### Data to process
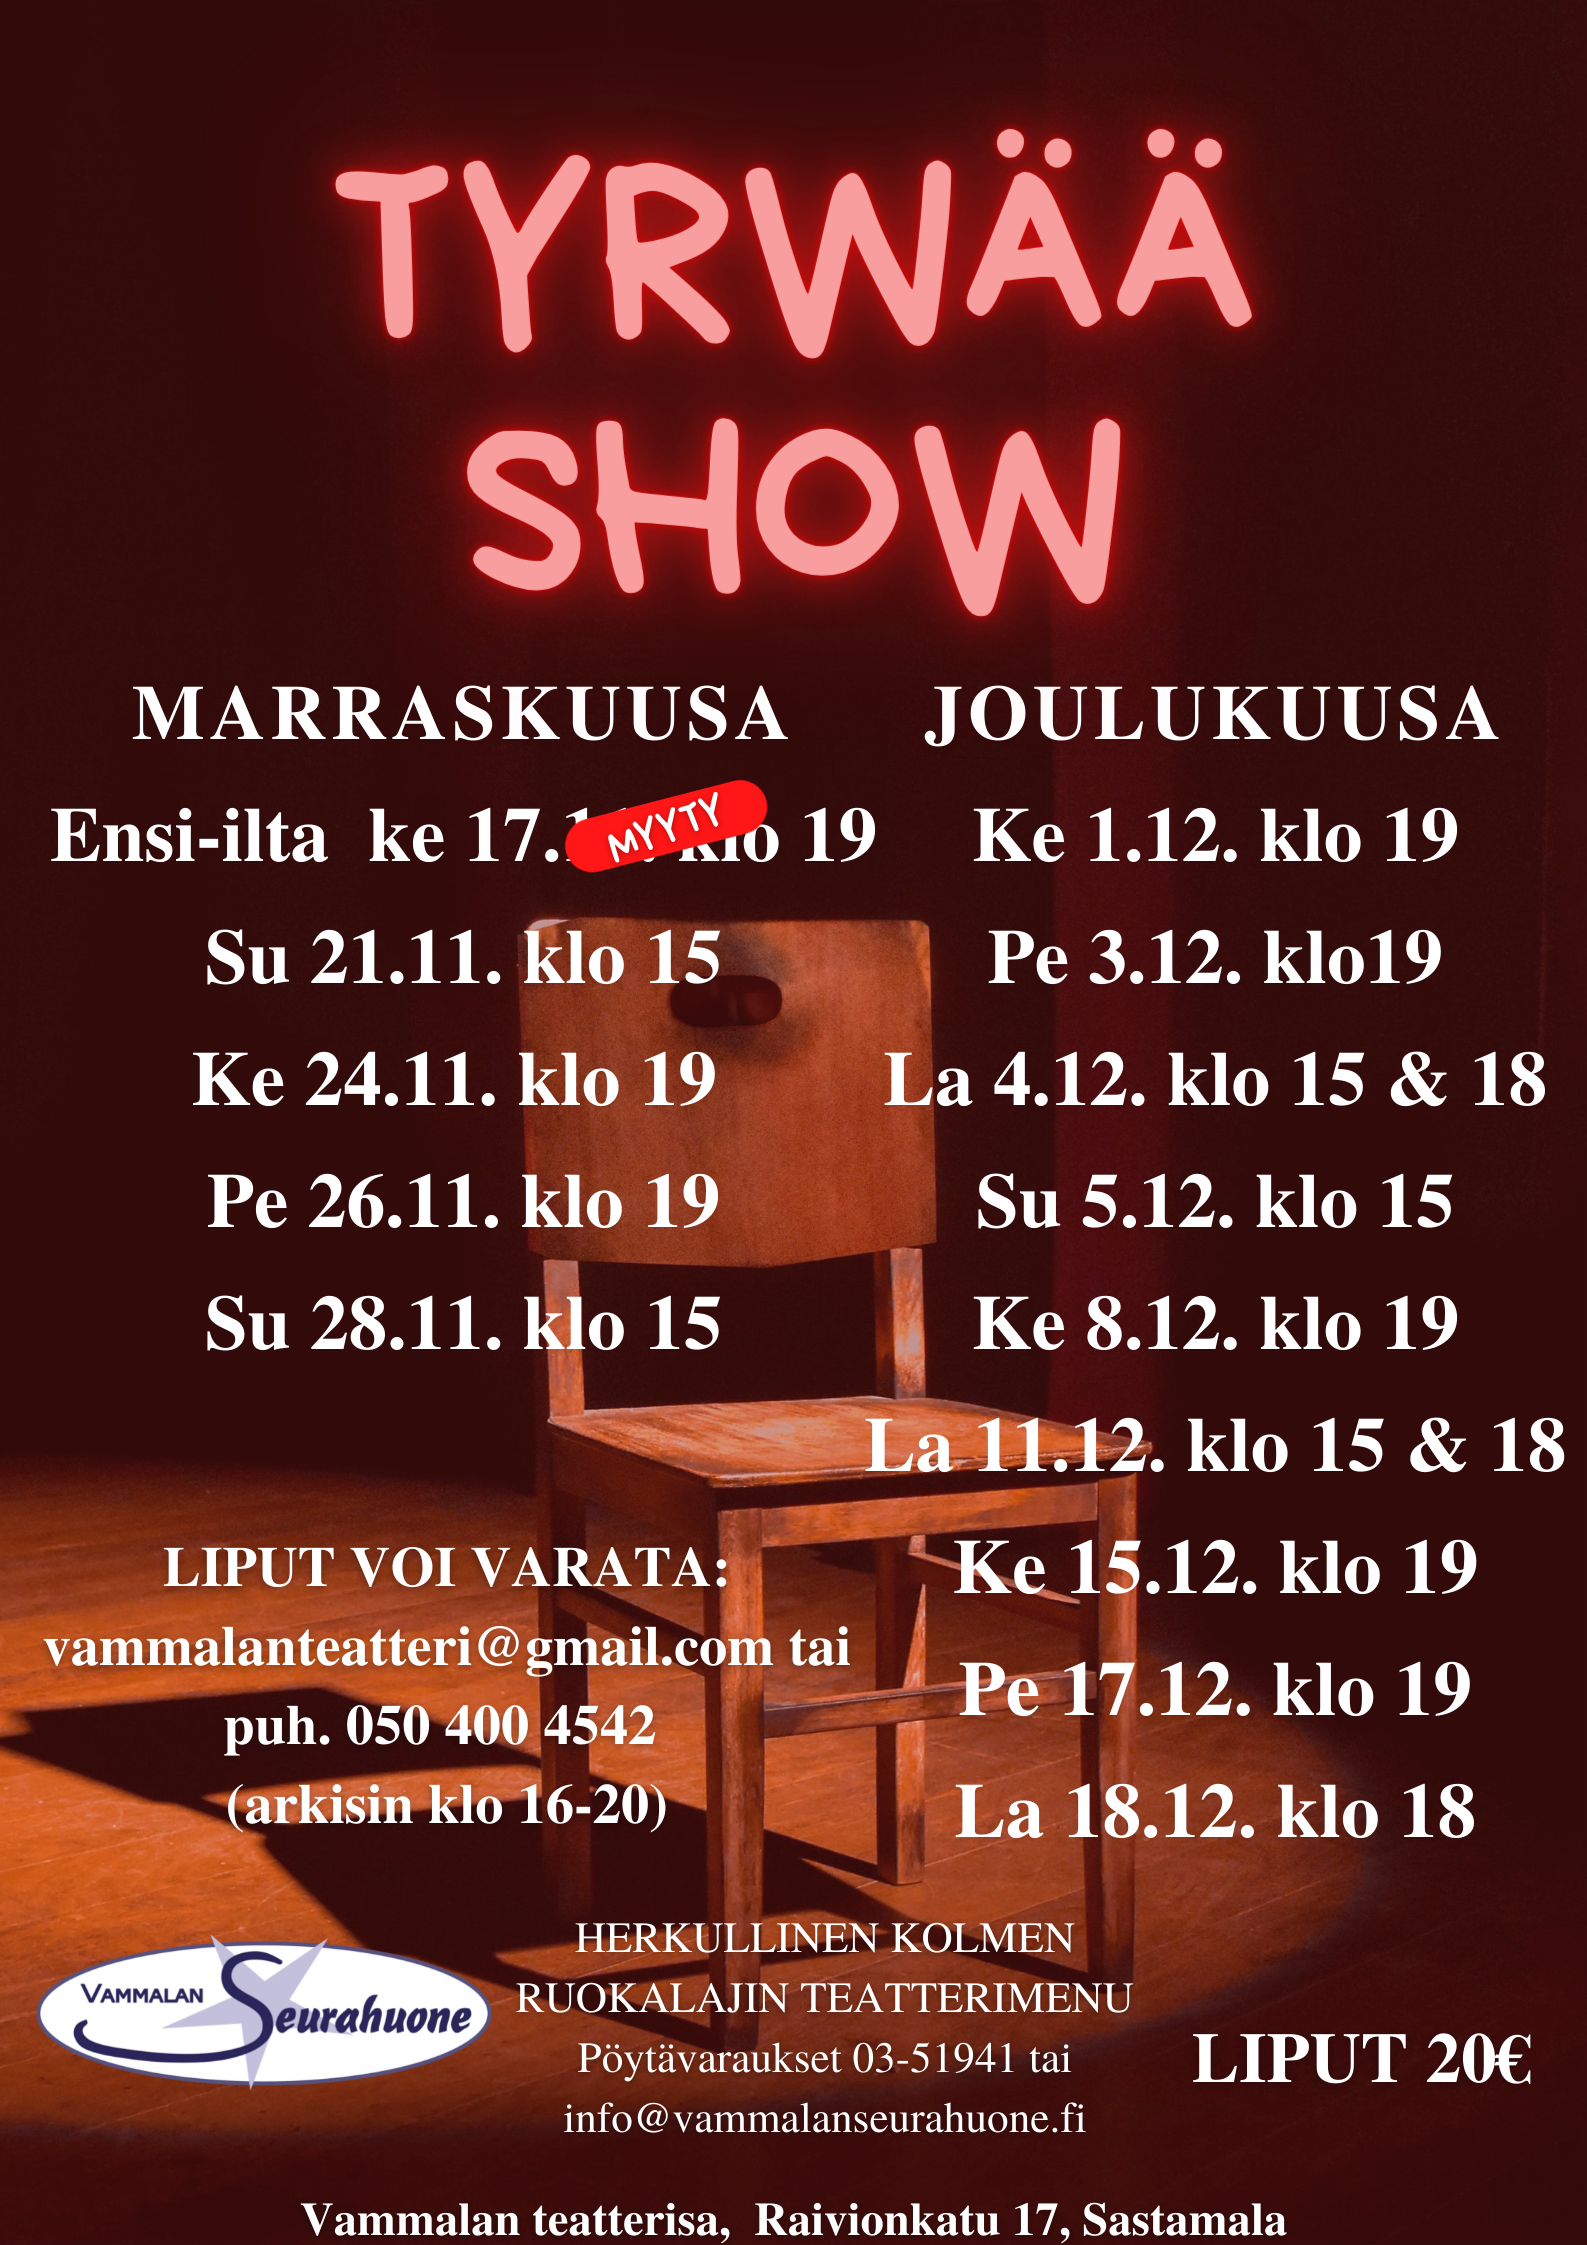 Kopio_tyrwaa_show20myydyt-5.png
---
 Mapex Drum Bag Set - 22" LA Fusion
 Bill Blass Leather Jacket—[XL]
...
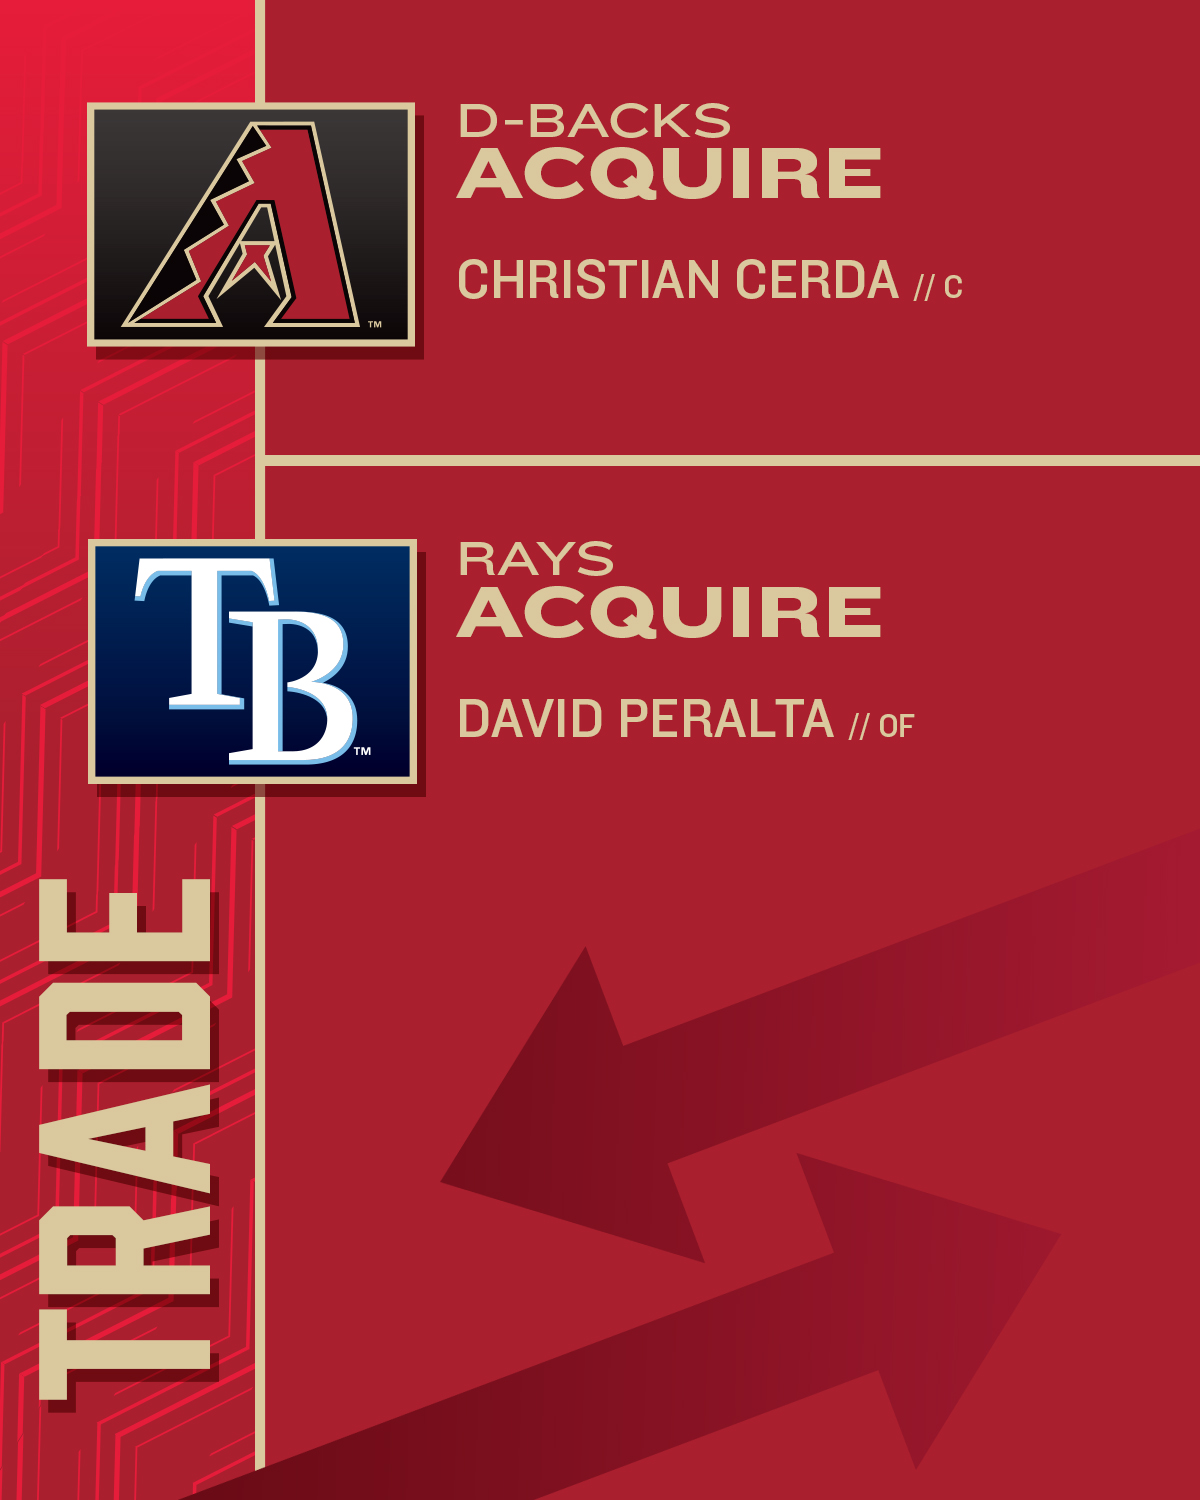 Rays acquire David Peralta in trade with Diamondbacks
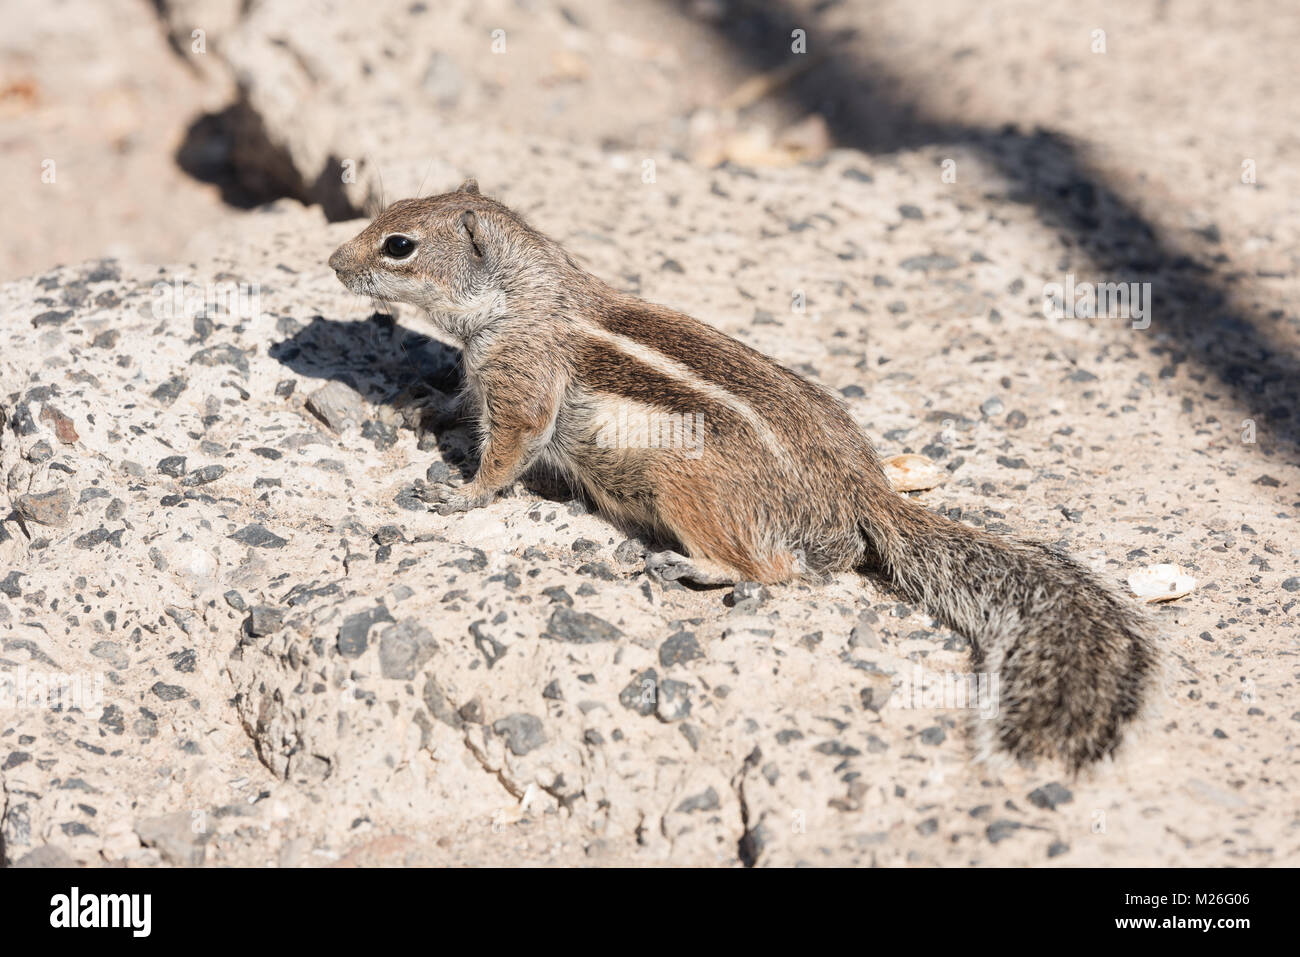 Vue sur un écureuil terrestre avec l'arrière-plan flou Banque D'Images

### What this task involves
From the entries above, return exactly the line containing "Mapex Drum Bag", the line containing "Bill Blass Leather Jacket—[XL]", and all lines between, and nothing else.

### Output
 Mapex Drum Bag Set - 22" LA Fusion
 Bill Blass Leather Jacket—[XL]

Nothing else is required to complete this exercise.